Monday, November 25, 2013

Toronto's Built Heritage

I had a discussion last night with a friend who is involved in the renovation of Union Station in Toronto. Union Station is a big deal of a building, not because of the architecture but because it was one of Canada's first great train stations - the entry to the City for thousands and thousands of people. It makes appearances in Canadian literature (Michael Ondaatje's In the Skin of a Lion for example). And it is the centre of a large urban set-piece as University and Front Streets form a block long U shape to emphasize its importance.

Architecturally, it is a Canadian attempt at Beaux Arts architecture that only comes off in the Great Hall - a long basilica space with covered by a coffered arch. Still, it has about the highest level of Heritage Protection a building can have.

My friend's firm is specifically handling many of the interior elements throughout the station. Other firms are responsible for different aspects of the project. Because he is working with the interiors, he spends a lot of time negotiating the specifics of how to interpret heritage protection. The exterior is relatively simple - fix it. But the interior is more complex; railway stations linked to public transit don't work the way they did when Union was first built so every issue from signage to ticket booths to furniture to timetables has to be negotiated. In many parts of the building it isn't complicated but in the Great Hall it is.

Heritage protection, according to my friend who gets his info from a specialist they hired in Montreal, is ultimately reduced to one of three states: reproduction, submission, and nothing. So the ticket booths, for example, can be exact replicas of the originals (totally impractical) or they can be removed (even more impractical) or they must be submissive to the heritage portions. This is interpreted as "less interesting".

I was surprised by this. I am a fan of heritage protection generally. I think everyone can agree there is at least one building in the city developers should be prevented from demolishing. Which means everyone is in favour of heritage protection to some degree. We all fall on a hypothetical continuum between preserving one building and preserving every building. That was about as much thought as I had given the subject. The actual working of the protection, what was protected, from whom, and how weren't really questions I asked myself. In the particular case of Union Station I would say packing the Great Hall with laser light displays is a terrible idea but the qualification "submissive" is odd.

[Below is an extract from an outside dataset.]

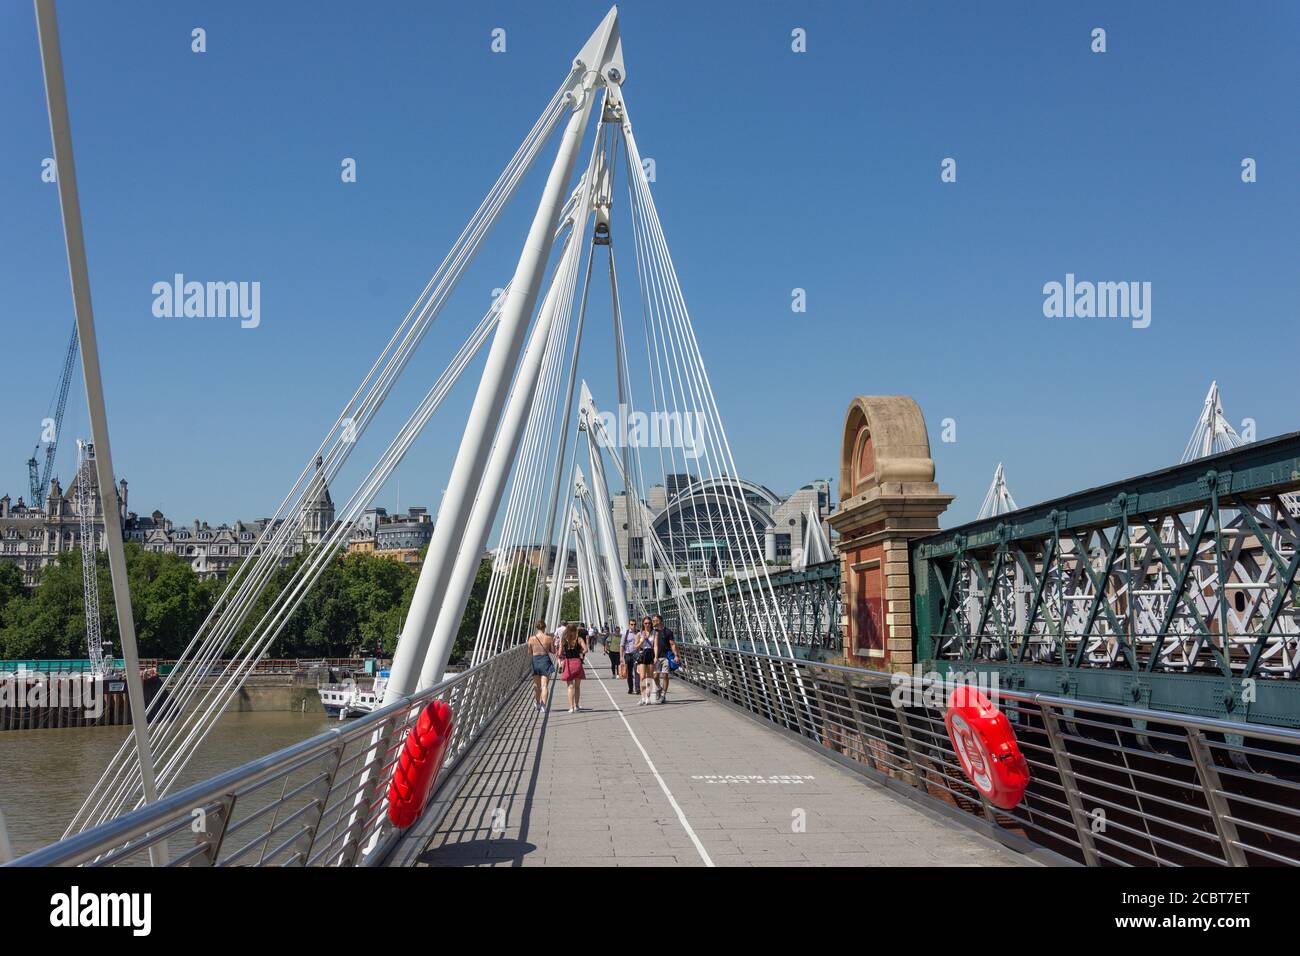 Hungerford Bridge et Golden Jubilee passerelle pour piétons à travers Tamise, London Borough of Lambeth, Greater London, Angleterre, Royaume-Uni Banque D'Images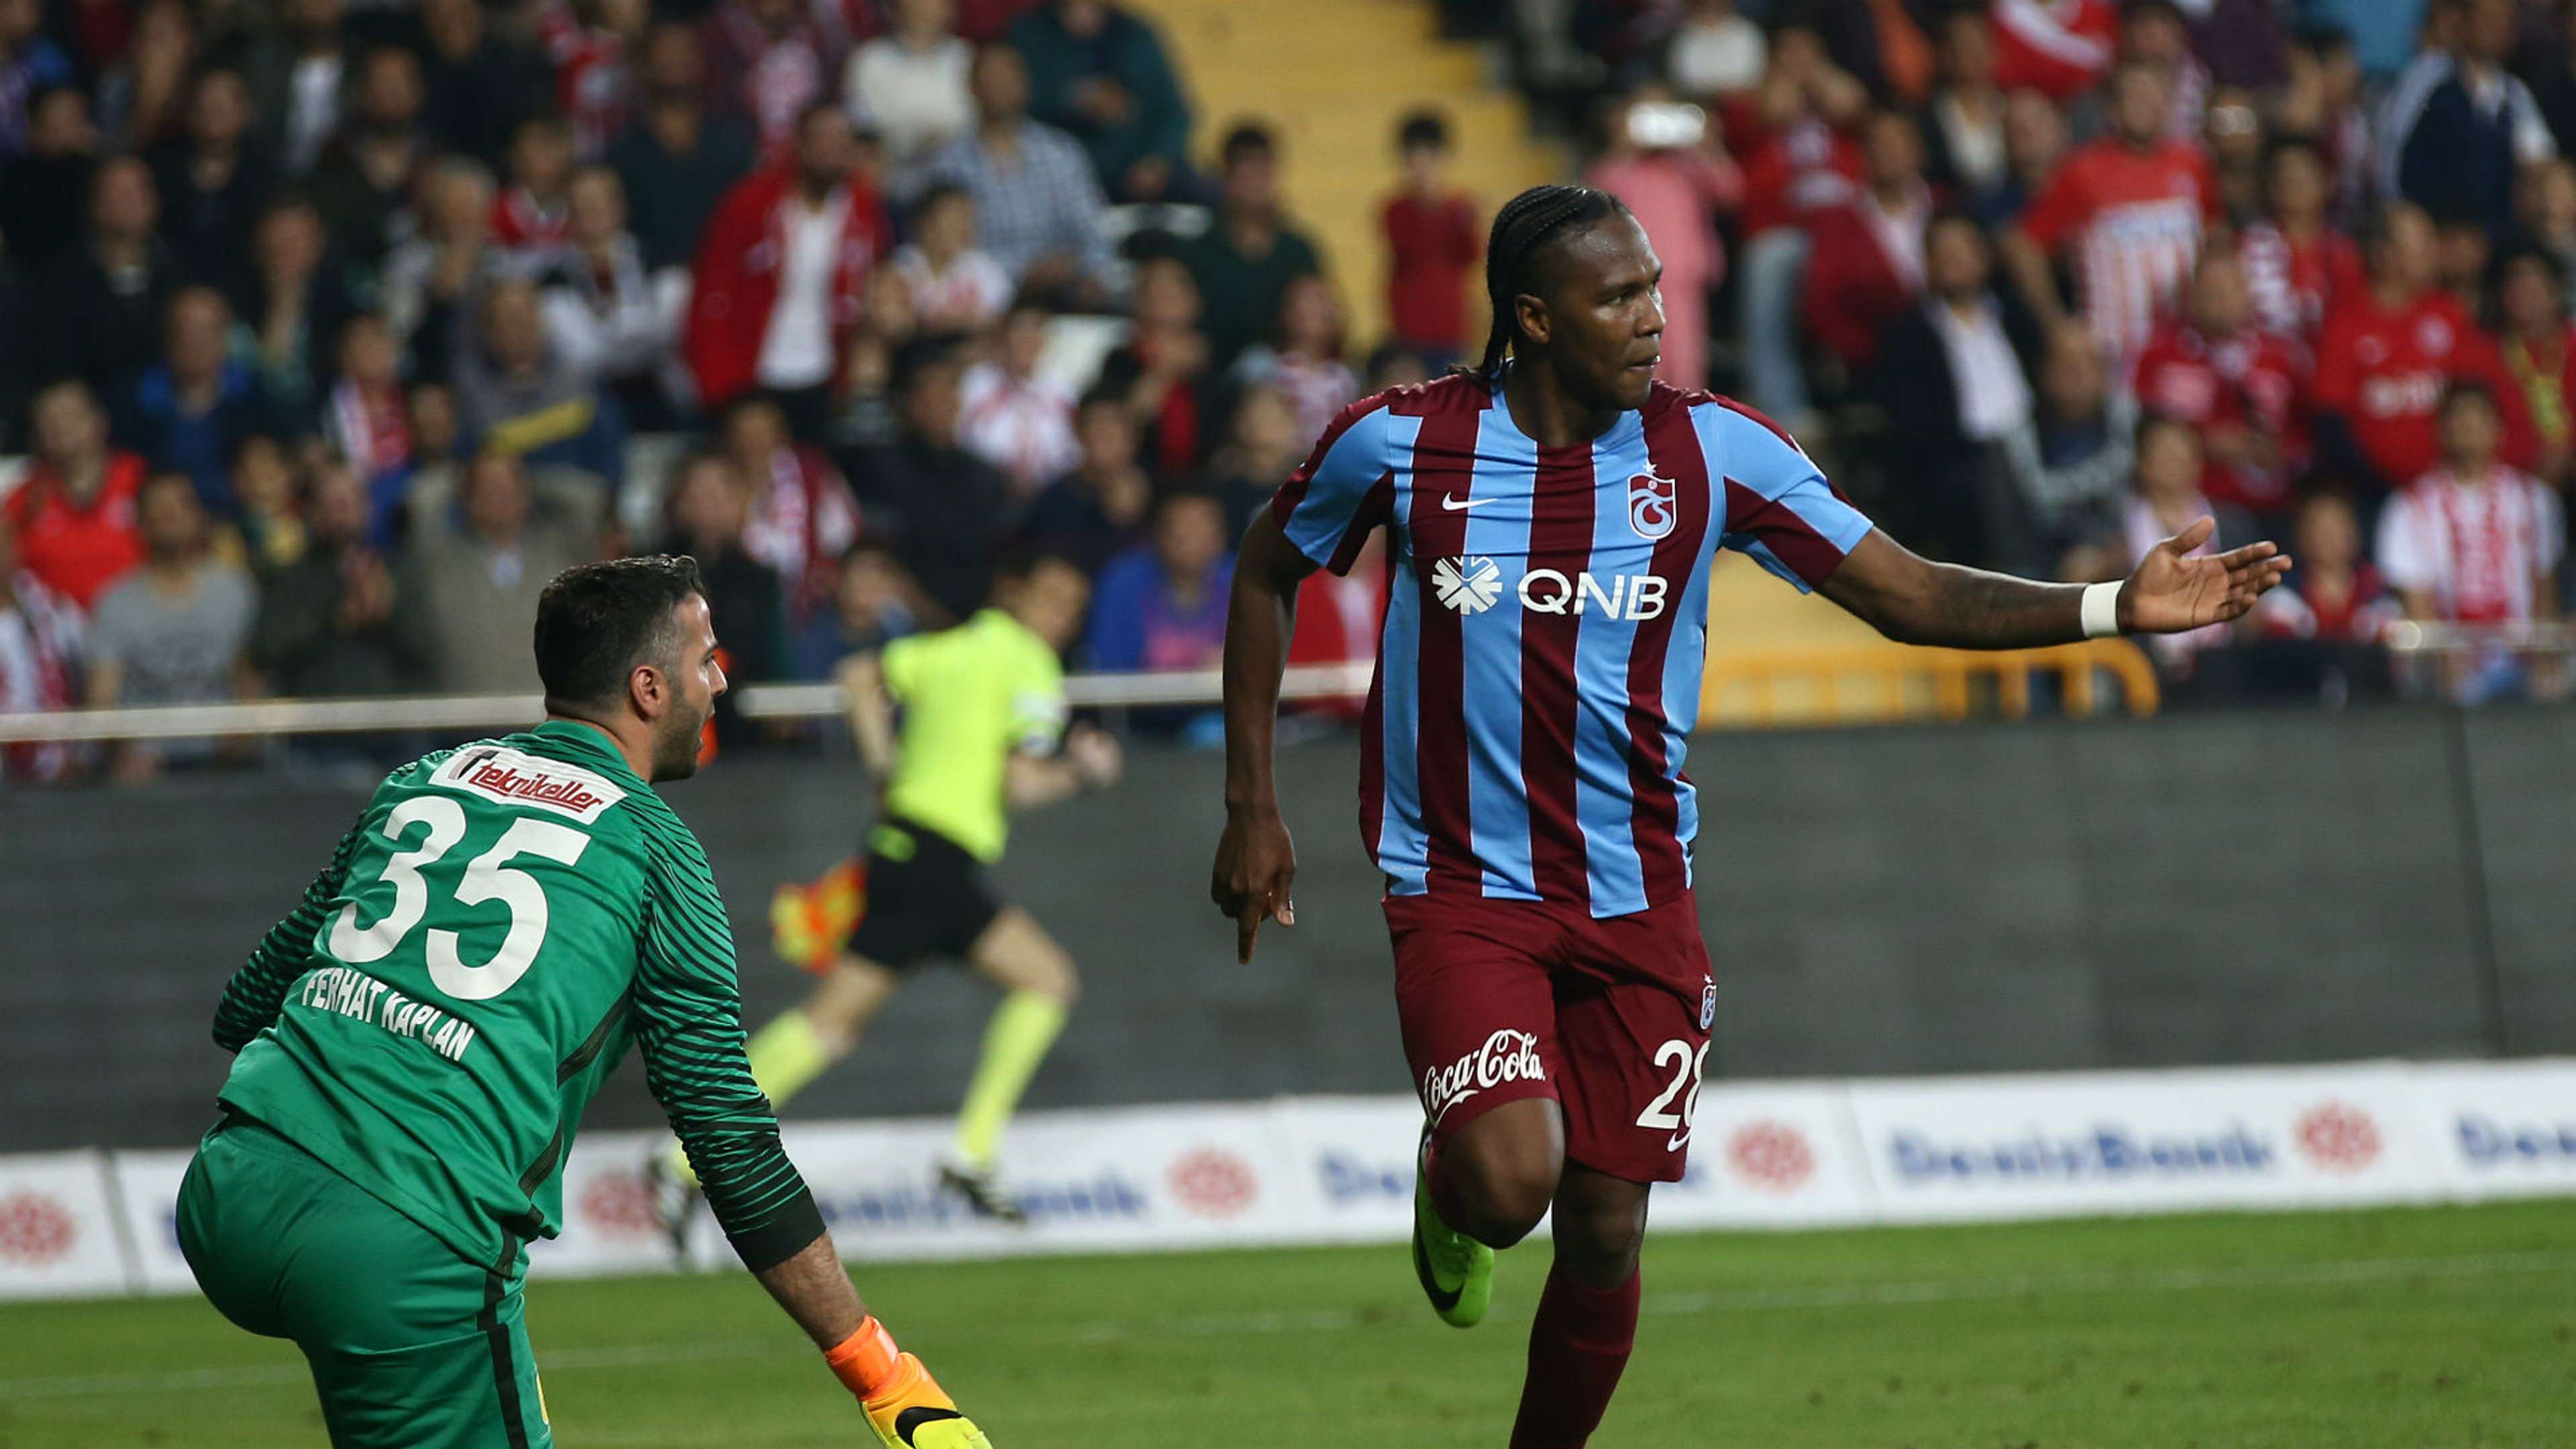 Rodallega Antalyaspor - Trabzonspor 0422017

It is like demanding half-assed design. Nothing should grab peoples attention more than the original Great Hall architecture so everything you design must be bland. Invisible. It isn't wrong to ask for subtle architecture. It isn't wrong to forbid neon or bright colours or things that make very loud noises. It should be understood you are designing for a prestigious public building and not the midway of a travelling carnival. But the "submissive" qualification presumes people using Union Station will care about the architecture and that is definitely a mistaken presumption. Part of the joy of Union for me is that it is there to be looked at but it's out of the way. The most impressive bits happen 40 or 50 feet above your head. You can look up and admire or you can fight through the crowd to get the next train. It's always there and I'm glad there is protection in place to ensure it will continue to be there but I spent almost a decade in architecture school, I'm passionate about architecture and even I don't care all the time. If I'm meeting someone, I want to be able to see the schedules and track listing, I want to know how to get from where I am to where I need to be, I want to know what time it is and how much time I have to get from A to B. This is stuff my friend's firm is fantastic at designing (they are also pretty good at buildings, interiors, and furniture).

The qualification for design inside a heritage building shouldn't be "submissive" but "clearly differentiated".

I guess my point is there should be two axis - one for how many buildings you want to save and another for different they can be and still be the same. Right now, there are condo towers being built (and not only in Toronto) with facades of older buildings glued to the side like bumper stickers. In some perverse way, this qualifies as "preserving" the original building. I am not that far along the second axis. But I think well-designed, state of the art signage, info-graphics, furniture, and other accoutrements would be beautiful beneath the Great Hall's arched ceiling. No neon needed. And it would be obvious to everyone which parts were a century old and which weren't. That would be honest to the original building, which was less about the Beaux Arts and more about progress. It was (and is) an important building because it marked a giant technological step (the railroad) and the unification of a nation. Design that demonstrates precisely how far the state of the arts has advanced since the station was originally built would be entirely appropriate. Sometimes you need trust people to have a brain. Of course, when I see how heritage protection is applied to some buildings in this city, it is worth asserting the opposite: sometimes you have to wonder if people have brains.